Важнейшим достижением Габсбургов на сейме наряду с отклонением требований чешской оппозиции стало одобрение депутатами запрошенных императором налогов. Причем, что было особенно важно для Матиаса, сбор берны был утвержден в необходимом объеме на пять лет вперед[199]. Таким образом, учитывая, что согласно действующему законодательству генеральный сейм мог быть созван лишь королем, а последний, добившись от чехов денег, оказывался свободен в финансовых вопросах, сословия лишались самого мощного политического средства давления на центральную власть. Павел Скала из Згоры справедливо прокомментировал данную ситуацию, говоря, что «такая приостановка в практике собирания генеральных сеймов могла изменить все земские привилегии и обратить их в ничто»[200]. Тот факт, что чешские сословия сравнительно легко согласились на это, в очередной раз доказывает, что с 1611 г. протестанты, составляющие сеймовое большинство, в целом не были заинтересованы в продолжении конфронтации с Габсбургами и были готовы на значительные уступки.
Но в 1617 г. последовало еще более серьезное политическое поражение оппозиции, в очередной раз продемонстрировавшее ее слабость и отсутствие единства среди чешских протестантских сословий. На этот раз во внутренние дела Чехии прямо вмешалась испанская дипломатия, что ознаменовало начало нового этапа в отношениях Вены и Мадрида.
Одним из главных вопросов, который беспокоил Испанию и папскую курию не в меньшей мере, чем австрийских Габсбургов, была кандидатура преемника Матиаса. Действующий император был уже слишком стар и нездоров, кроме того, у него не было наследников. Как Филипп III, так и Павел V понимали, что серьезное упрочение позиций центральной власти в Чехии и других землях австрийских Габсбургов возможно только в случае, если на престоле будет находиться способный, решительный и здоровый монарх, имеющий наследников. Зная о переговорах между чешскими подобоями и имперскими князьями, испанский монарх и папа обоснованно опасались того, как бы в случае обострения конфликта между протестантскими сословиями и королем в Чехии первые не попытались заменить Габсбургов «кем-нибудь из соседних земель»[201]. Ситуация для Испании упрощалась в связи с тем, что Филипп III сам мог выступить в качестве наследником Матиаса, так что у Мадрида имелся отличный повод для вмешательства в дела престолонаследия. Кроме того, Испания имела и ряд территориальных претензий к Австрийскому дому, что вносило дополнительную напряженность в двухсторонние отношения. Пока данный комплекс вопросов не был улажен, вряд ли можно было ожидать сближения двух монархий.
С 1612 г. испанские дипломаты начали переговоры с Матиасом о кандидатуре будущего преемника, увязывая решение данного вопроса с территориальными спорами.
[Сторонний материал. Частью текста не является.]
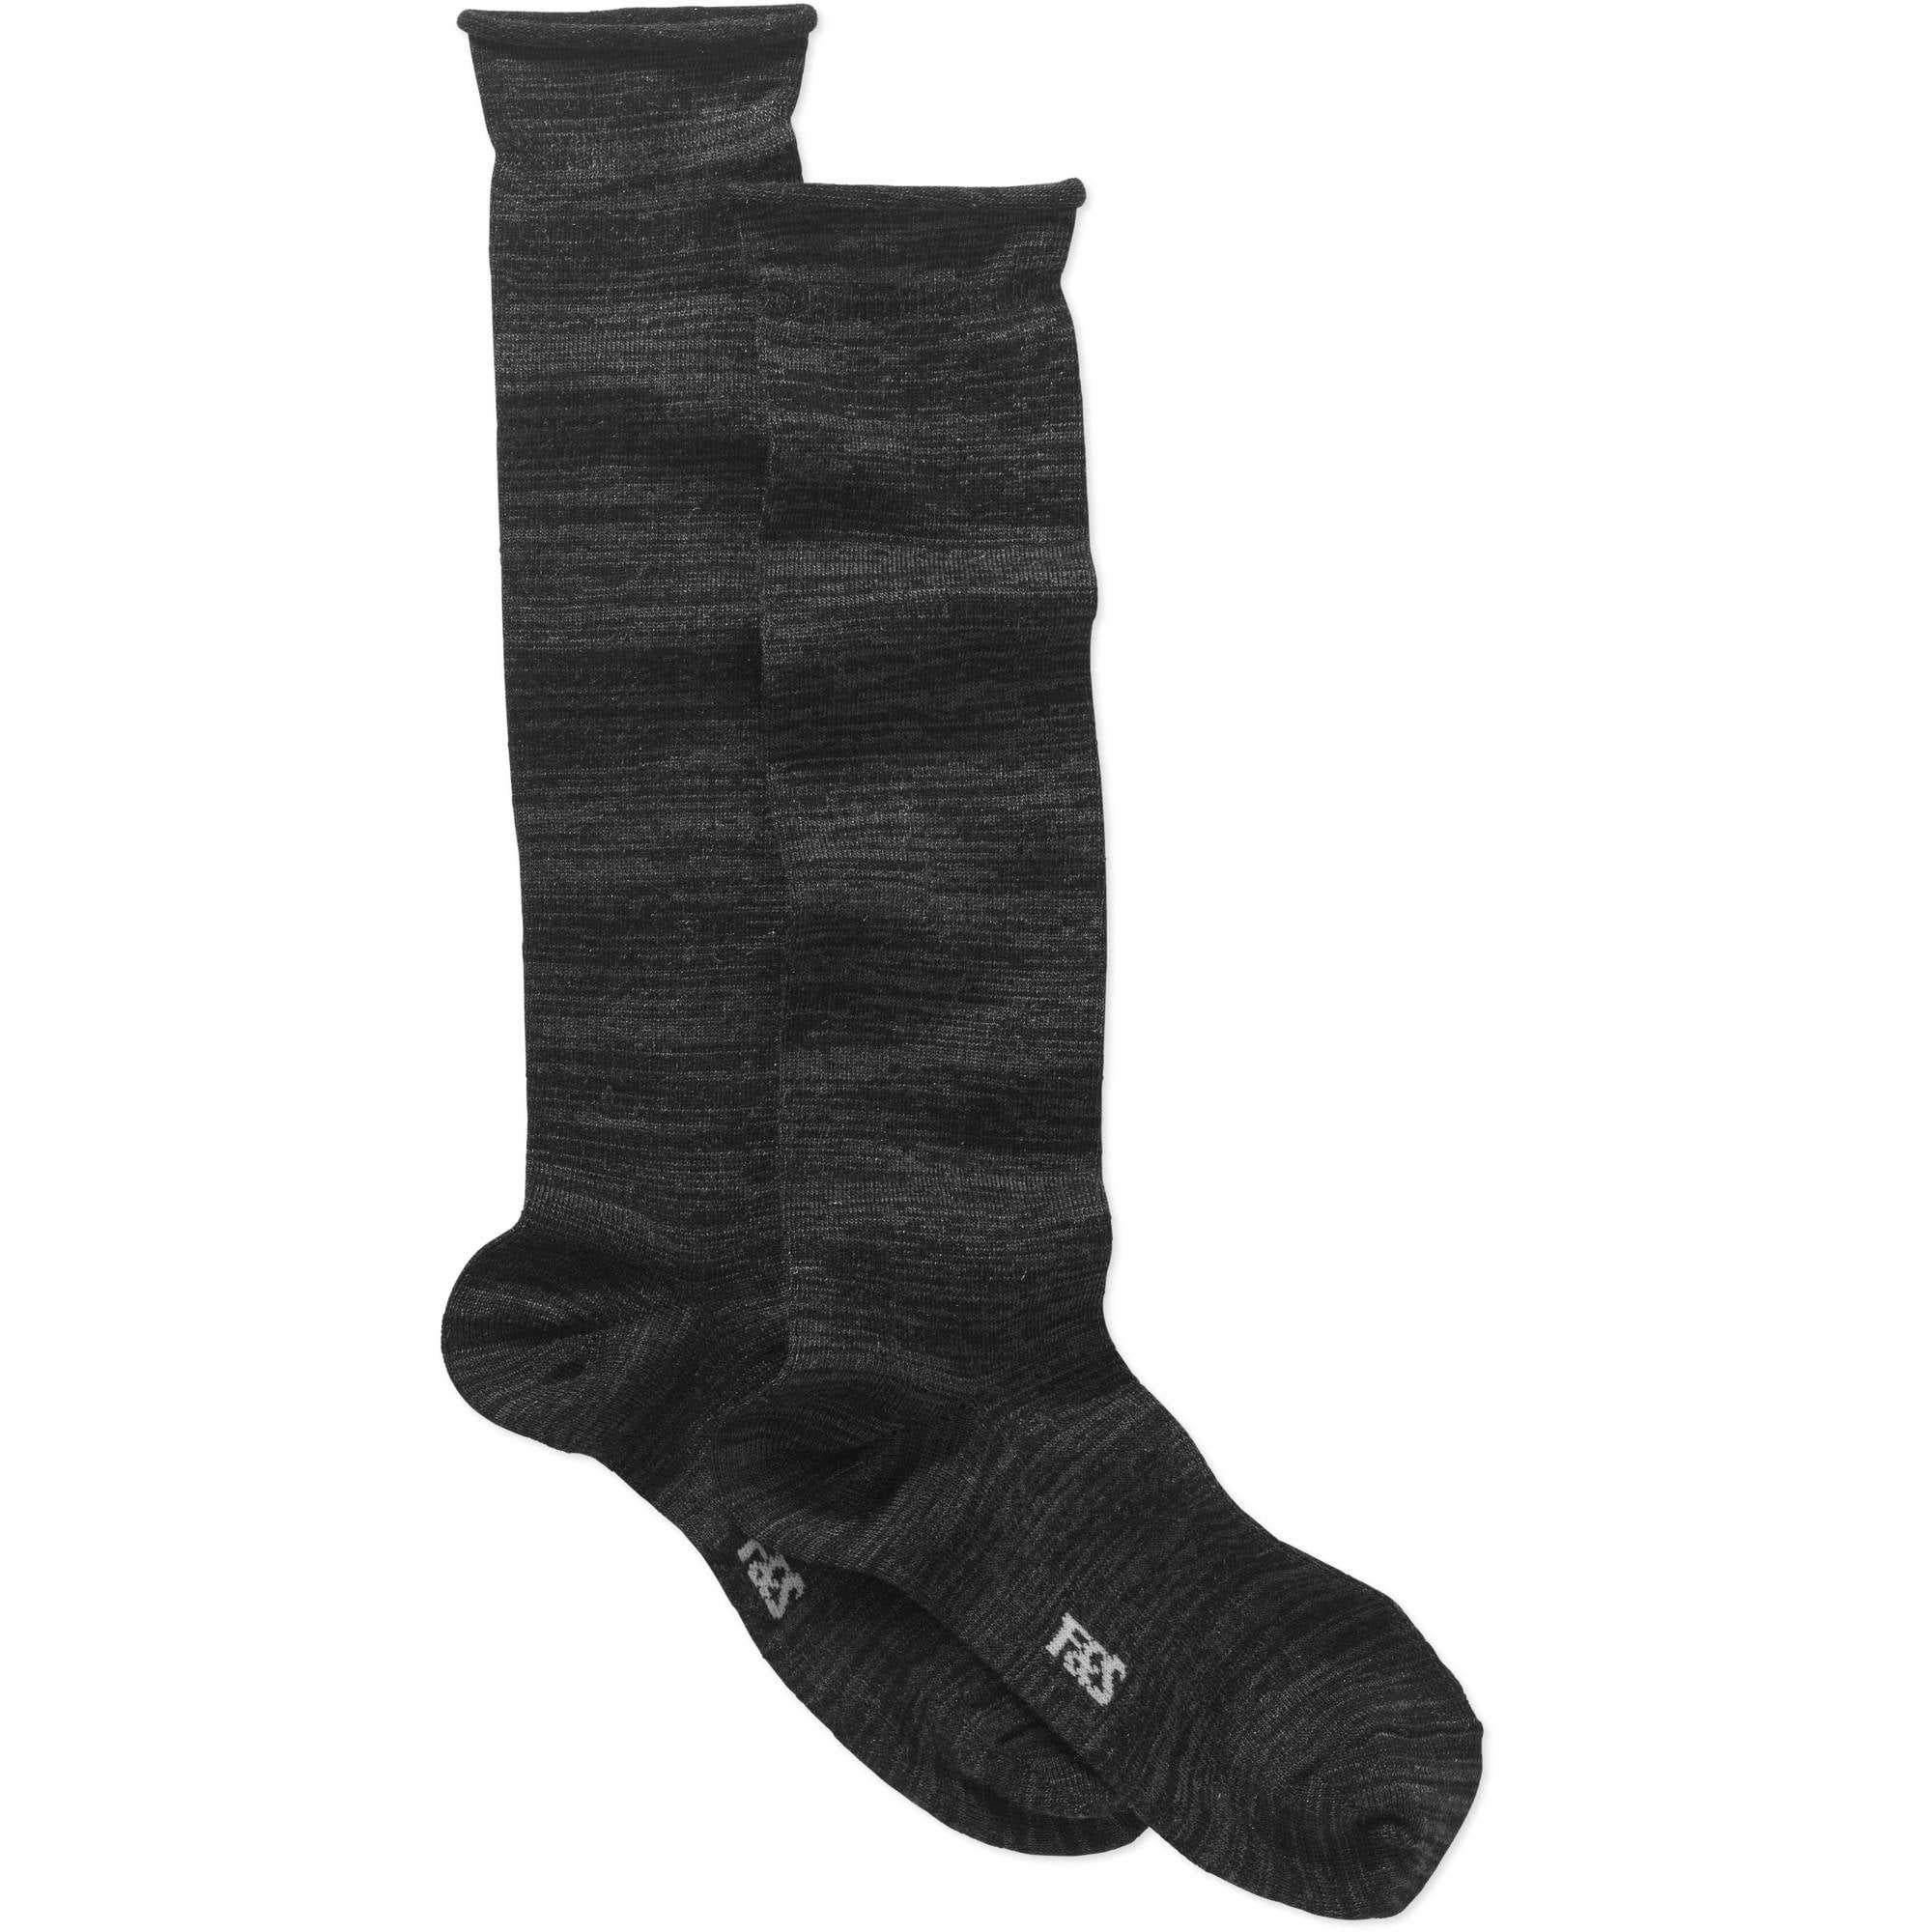 Field and Stream Women's Knee high Socks 1 Pair - Walmart.com

Главным представителем Филиппа III на обсуждении вначале был Зуньига, а потом сменивший его на посту посланника при императорском дворе Онъята. В ходе переговоров рассматривались кандидатуры самого Филиппа III, а также эрцгерцогов Максимилиана, Альбрехта и Фердинанда Штирийского. Наконец, после долгих и сложных переговоров обе стороны сошлись на кандидатуре эрцгерцога Фердинанда Штирийского. Последний устраивал всех, поскольку обладал управленческими способностями, был решителен во внутренней политике и продемонстрировал последовательность при проведении Контрреформации на подконтрольных ему территориях. Филипп III выражал готовность отказаться от своих прав на чешскую и венгерскую корону в пользу эрцгерцога за соответствующую «компенсацию или вознаграждение»[202]. Почва для оформления соглашения была готова.